EXERCISE:
Lines containing the string "main": how many are there below? Answer with the number only.

[Stored data]
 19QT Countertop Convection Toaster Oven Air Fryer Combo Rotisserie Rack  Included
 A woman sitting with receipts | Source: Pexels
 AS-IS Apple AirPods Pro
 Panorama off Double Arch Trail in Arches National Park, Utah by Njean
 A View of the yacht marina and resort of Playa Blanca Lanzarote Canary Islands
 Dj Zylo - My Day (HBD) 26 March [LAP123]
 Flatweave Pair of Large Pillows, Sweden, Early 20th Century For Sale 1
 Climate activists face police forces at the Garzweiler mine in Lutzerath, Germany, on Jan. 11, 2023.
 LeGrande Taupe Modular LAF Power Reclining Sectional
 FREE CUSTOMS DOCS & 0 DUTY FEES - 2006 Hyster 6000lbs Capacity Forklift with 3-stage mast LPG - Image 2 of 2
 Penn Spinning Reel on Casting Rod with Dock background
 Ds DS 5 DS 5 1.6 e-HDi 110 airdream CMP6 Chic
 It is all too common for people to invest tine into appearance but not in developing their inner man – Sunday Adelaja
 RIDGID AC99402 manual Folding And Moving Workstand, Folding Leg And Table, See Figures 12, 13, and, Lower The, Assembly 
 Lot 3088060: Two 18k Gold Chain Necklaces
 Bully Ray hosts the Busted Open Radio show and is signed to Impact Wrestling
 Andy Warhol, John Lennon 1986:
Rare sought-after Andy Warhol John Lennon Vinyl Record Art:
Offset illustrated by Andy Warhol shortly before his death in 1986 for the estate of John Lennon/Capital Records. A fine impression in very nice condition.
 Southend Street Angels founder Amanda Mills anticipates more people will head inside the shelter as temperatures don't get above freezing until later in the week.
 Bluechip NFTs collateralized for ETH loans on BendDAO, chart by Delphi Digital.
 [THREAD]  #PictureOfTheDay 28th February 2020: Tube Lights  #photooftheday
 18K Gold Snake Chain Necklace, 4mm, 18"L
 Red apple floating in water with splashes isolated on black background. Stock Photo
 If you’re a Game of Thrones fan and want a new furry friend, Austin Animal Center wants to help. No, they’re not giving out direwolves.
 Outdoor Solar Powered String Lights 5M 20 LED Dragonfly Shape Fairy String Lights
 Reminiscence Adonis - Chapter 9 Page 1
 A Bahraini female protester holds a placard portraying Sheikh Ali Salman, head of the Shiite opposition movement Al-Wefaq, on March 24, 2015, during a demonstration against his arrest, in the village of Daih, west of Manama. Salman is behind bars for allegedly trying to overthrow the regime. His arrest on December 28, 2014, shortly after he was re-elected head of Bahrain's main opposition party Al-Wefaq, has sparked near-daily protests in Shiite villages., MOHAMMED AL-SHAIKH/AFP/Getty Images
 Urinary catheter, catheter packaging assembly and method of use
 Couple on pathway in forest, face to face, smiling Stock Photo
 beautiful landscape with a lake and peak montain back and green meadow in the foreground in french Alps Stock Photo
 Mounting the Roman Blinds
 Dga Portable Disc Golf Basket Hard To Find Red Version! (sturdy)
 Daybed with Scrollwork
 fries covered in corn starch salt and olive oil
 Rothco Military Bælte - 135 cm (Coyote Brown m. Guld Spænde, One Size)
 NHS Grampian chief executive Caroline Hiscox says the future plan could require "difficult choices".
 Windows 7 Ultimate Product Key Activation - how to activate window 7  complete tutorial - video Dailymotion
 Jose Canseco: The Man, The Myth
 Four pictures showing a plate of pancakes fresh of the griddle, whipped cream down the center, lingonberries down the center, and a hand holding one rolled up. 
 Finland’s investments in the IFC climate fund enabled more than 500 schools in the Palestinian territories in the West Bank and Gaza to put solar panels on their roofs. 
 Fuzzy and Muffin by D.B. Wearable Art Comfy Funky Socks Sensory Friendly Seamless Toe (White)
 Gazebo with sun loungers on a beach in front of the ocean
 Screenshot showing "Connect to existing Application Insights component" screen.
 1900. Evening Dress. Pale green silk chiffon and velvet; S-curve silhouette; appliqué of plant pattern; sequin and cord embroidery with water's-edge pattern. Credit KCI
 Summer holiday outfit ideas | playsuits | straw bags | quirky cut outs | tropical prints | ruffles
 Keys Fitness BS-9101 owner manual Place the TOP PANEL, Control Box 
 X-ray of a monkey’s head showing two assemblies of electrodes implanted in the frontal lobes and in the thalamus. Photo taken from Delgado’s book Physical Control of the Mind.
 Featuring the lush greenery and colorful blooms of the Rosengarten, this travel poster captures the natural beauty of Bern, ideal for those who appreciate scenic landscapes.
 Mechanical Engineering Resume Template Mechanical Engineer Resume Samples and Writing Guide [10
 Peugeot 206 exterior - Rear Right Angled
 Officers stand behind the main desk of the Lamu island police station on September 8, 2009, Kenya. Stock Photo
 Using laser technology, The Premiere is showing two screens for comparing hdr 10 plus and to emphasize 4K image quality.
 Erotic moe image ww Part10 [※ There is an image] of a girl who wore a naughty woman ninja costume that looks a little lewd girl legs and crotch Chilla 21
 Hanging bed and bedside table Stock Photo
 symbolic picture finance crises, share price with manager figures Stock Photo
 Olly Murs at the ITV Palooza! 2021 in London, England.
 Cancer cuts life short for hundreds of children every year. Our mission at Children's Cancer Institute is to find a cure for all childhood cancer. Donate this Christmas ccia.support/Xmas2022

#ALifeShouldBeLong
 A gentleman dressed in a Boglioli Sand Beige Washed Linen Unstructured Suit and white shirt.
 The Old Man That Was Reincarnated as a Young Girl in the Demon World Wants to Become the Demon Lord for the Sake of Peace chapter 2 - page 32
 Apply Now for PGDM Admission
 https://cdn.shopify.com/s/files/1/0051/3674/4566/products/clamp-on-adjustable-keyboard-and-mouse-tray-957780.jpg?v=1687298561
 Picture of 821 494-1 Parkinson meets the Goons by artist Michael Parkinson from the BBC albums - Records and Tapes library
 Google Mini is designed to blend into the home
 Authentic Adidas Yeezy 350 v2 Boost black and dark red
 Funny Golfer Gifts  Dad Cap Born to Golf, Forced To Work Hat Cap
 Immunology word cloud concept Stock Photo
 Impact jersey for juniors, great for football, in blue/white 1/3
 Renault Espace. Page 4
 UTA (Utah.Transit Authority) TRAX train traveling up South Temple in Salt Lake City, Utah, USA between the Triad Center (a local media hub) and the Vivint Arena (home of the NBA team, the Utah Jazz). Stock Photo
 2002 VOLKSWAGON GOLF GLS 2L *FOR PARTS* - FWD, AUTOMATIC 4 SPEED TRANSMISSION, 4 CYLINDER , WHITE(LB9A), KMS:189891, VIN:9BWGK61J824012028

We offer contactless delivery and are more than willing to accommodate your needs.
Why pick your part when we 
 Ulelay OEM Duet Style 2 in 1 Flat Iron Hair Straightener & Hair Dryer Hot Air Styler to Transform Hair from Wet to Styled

ANSWER TO THE PROBLEM:
2